There is something surreal about the economic prognostications of the Republican leaders in Congress these days. Thus, House Speaker John Boehner tells us with a straight face (well, with only a hint of a smirk) that drastic cuts to government spending will create jobs while raising taxes on the wealthy, or eliminating their unfair tax subsidies, will be a “job killer.”
Actually, he’s got it exactly backwards. Reducing government spending in a weak economy will be a job killer and will have a depressing effect, while raising taxes on the “surplus liquidity” (i.e., unproductive wealth) of the rich will serve to stimulate economic growth. The new revenues are very likely to be spent where the needs are the greatest – preventing layoffs or restoring jobs for teachers, health care workers, policemen and firemen, and restoring cuts to Medicaid, child nutrition, and other safety net programs. Our overall economic problem is to increase consumer demand for goods and services, not to reduce it.

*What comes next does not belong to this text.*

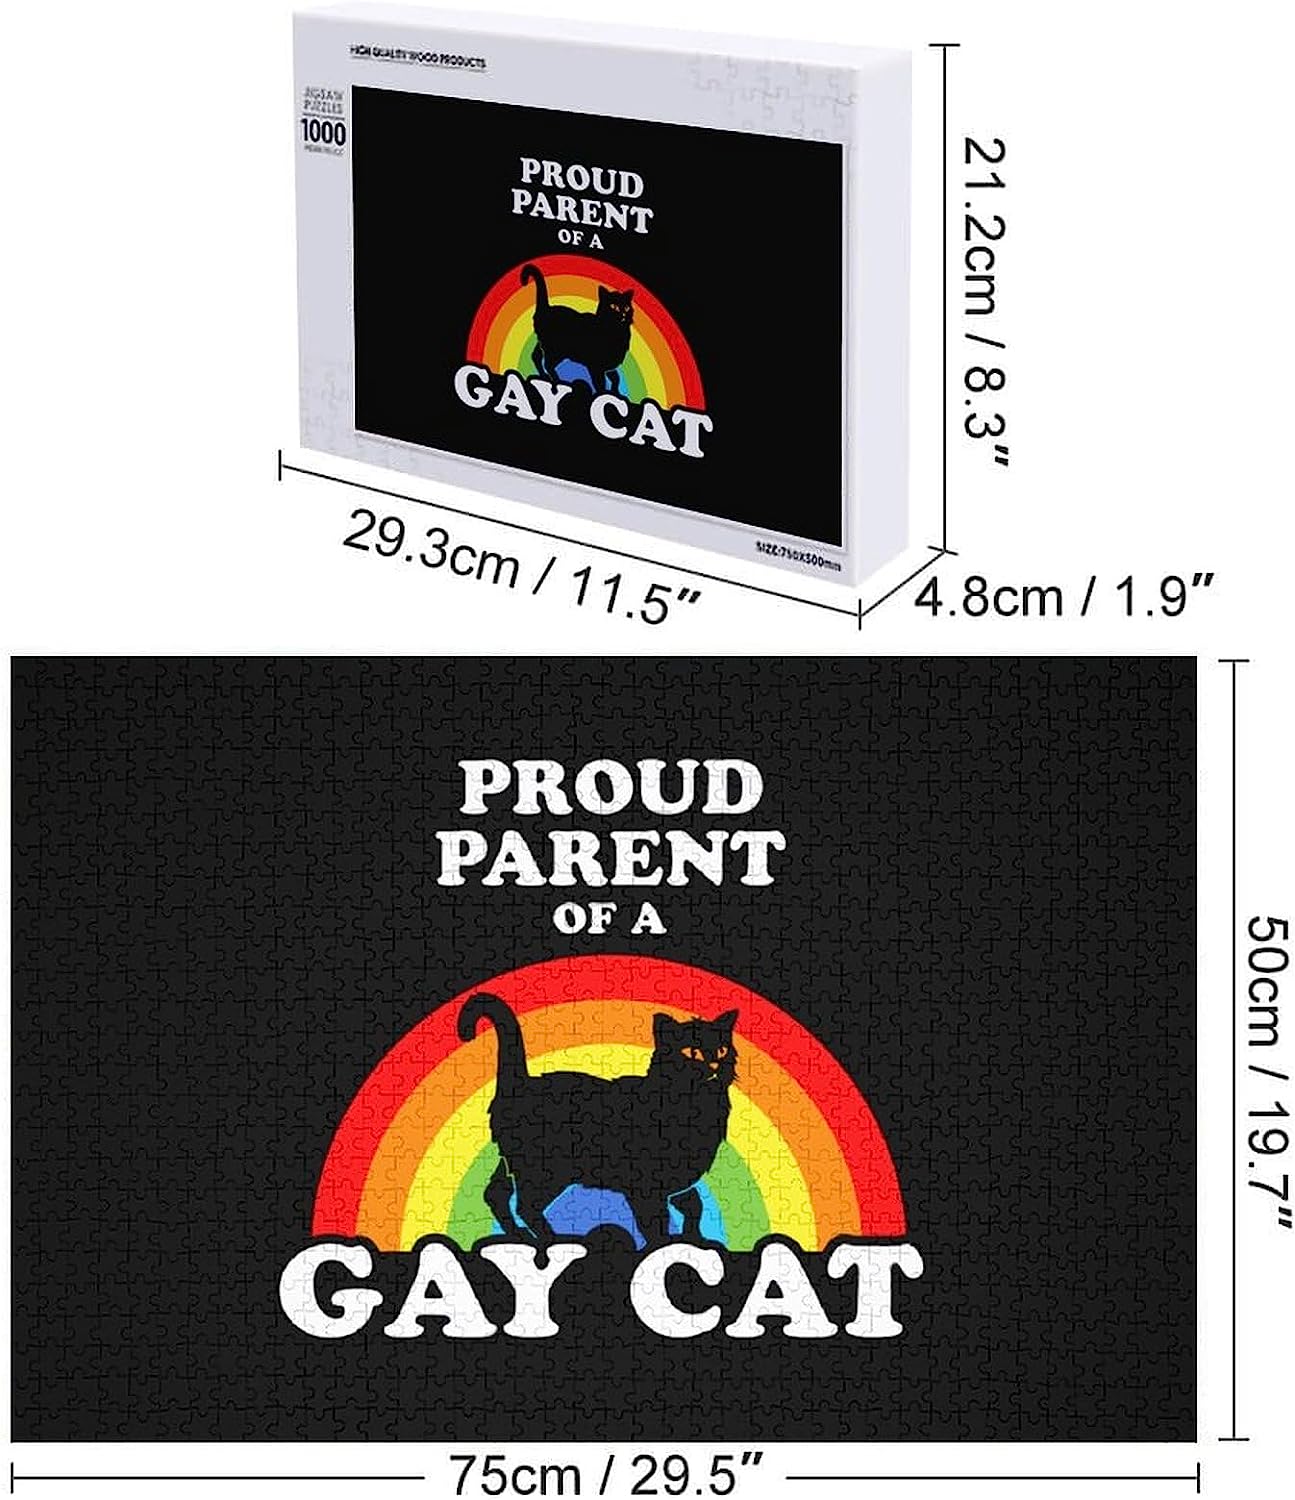 Proud Parent of A Gay Cat Puzzles for Adults Wooden Jigsaw Puzzle Funny Leisure Toy Gifts for Family Friends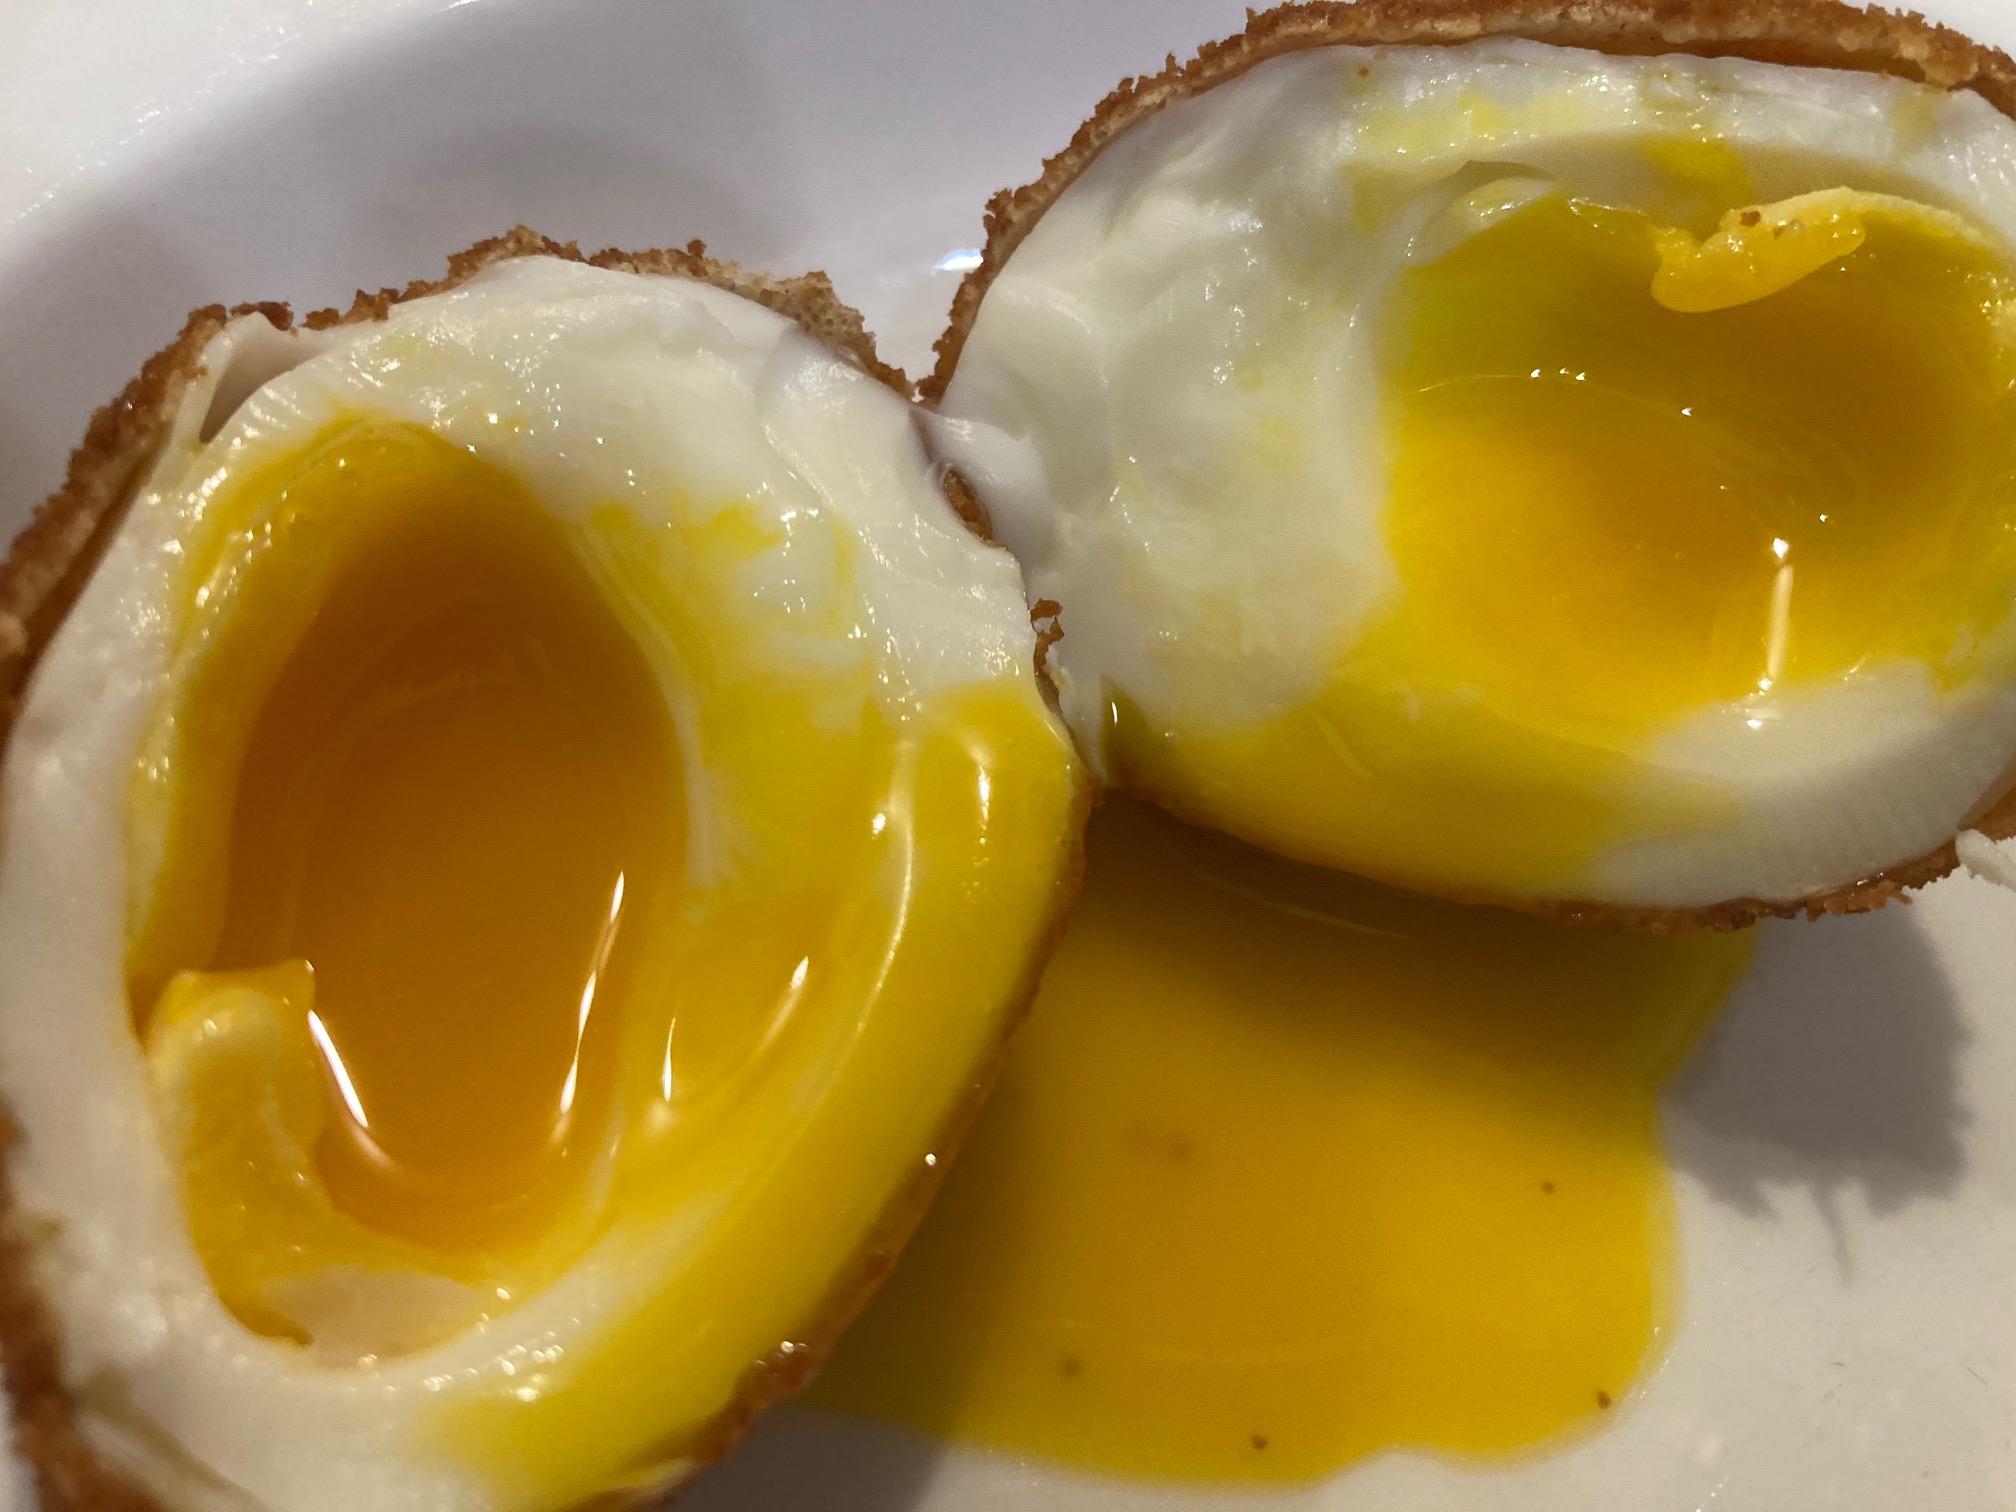 Technique: Fried egg soft as wax

The chart that I posted on Facebook the other day showed that there has been no correlation historically between the top marginal income tax rates and economic growth in this country, going back to the end of World War Two. Higher taxes on the rich have had no significant impact on our overall economic performance (GDP).
The Republicans in Congress probably know their Economics 101, but they also know that lies pay off in politics. And politics is not about getting at the truth but about getting votes. So they peddle Voodoo Economics to us, and it’s ultimately our fault for being so gullible, and for not punishing the liars.
Winston Churchill once said that Americans can always be counted upon to do the right thing, after they’ve exhausted all the other possibilities. This time we may prove him wrong.